I spent the morning in the hospital with eye-physicians poking around my right eye. The news was mostly reassuring, but I was exhausted not the least from the eye drops they used to relax my eye muscles. Not being able to see clearly for a few hours was as fatiguing as the examinations and measurements. The good news is that whatever is growing inside my right eye is probably not malignant. But the specialists will keep an (ahh) watchful eye over it and expect me back in a few months.
While I was waiting between exams the algorithm sent me down a fun rabbit-hole of clips by street-artists performing modern evergreens and classical standards upon requests in various French train stations, cafes, and supermarkets as well as other European public locations. (Somewhat oddly the musicians and their audience generally speak English.) Not infrequently, ‘audience’ members join in the performance. Somewhat less frequently the ‘accidental’ passersby are famous musicians—and by ‘famous,’ I mean grammy award winning performers or prodigies from Britain Got Talent (etc.)
The clips are quite formulaic with English captions (‘OMG!!’ ‘EPIC’' ‘WTF’ ‘SURPRISED’ ‘VIBING’ and, crucially ‘CONNECTION’ etc.) that may as well be AI generated accompanying the music. An audience member requests a song; the busker plays a few notes from the tune (or is quickly instructed in it), and then before long somebody joins in, etc. The cleverly edited clip usually remains under about 100 seconds. In addition, there are frequent arrows pointing at the surprise audience guest ‘watch this guy’ (etc.). While the clips sell the illusion of authenticity and connection through harmonies and duets, they keep our attention because their virtuosity is joy inducing.
They are joy inducing in the same way a slow, unfolding philosophical conversation is joy inducing by generating flashes of understanding and joint clarification (and edification); when one of us helps the other see a concept anew and, thereby, create a sense of a fresh, blooming universe.
The street artists-buskers have (stage-)names like Anton Violinist, Van Toan, Jostein, Allie Sherlock, Aurelien Froissart, Karolina Protsenko, Emilio Piano, and Julien Cohen (amongst many others). (To what degree these are street artists or digital content creators I leave to you.) Several of these stage spectacular flash mobs. Many include clips with very appreciative, large crowds. They have huge numbers of online followers, and pushy parents eager for a shot of fame nudge their children into the recording frame with them.

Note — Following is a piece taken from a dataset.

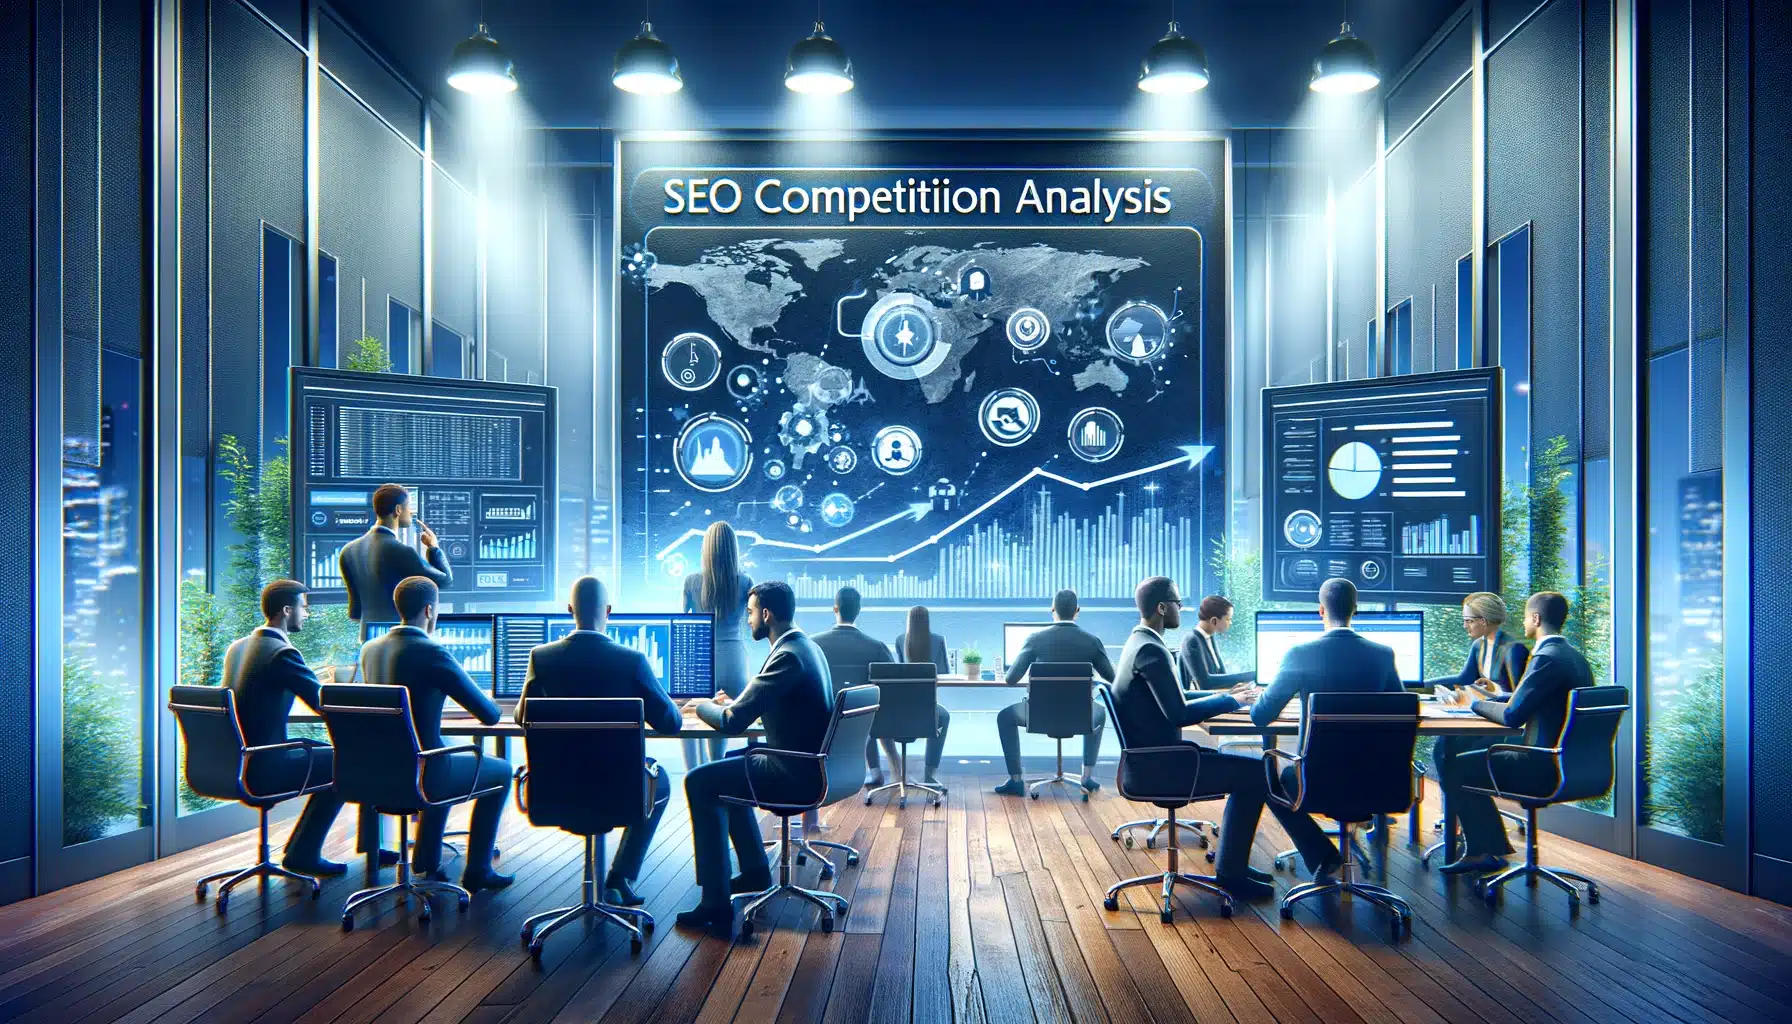 SEO-Wettbewerbsanalyse in einem Unternehmensumfeld

We have come a long way from that infamous Joshua Bell busking experiment playing his Stradivarius anonymously outside the metro back in 2007. While Bell’s repertoire may have hurt him a bit with some passerby, an important change since that time is our willingness to record just about anything with our handheld devices. Back in 2007 about half of us — among the cosmopolitan elites who owned mobile phones — still mostly owned Nokias and not some fancy smart phone. That Nokia (running on a Symbian OS) was barely connected to a multi-media universe. Now, each and every one of us is aware that we can record and participate in an event, and this is marked in each clip by the record of many mobile phones recording what we re-live in front of us on our mobile screen in an otherwise quiet waiting room.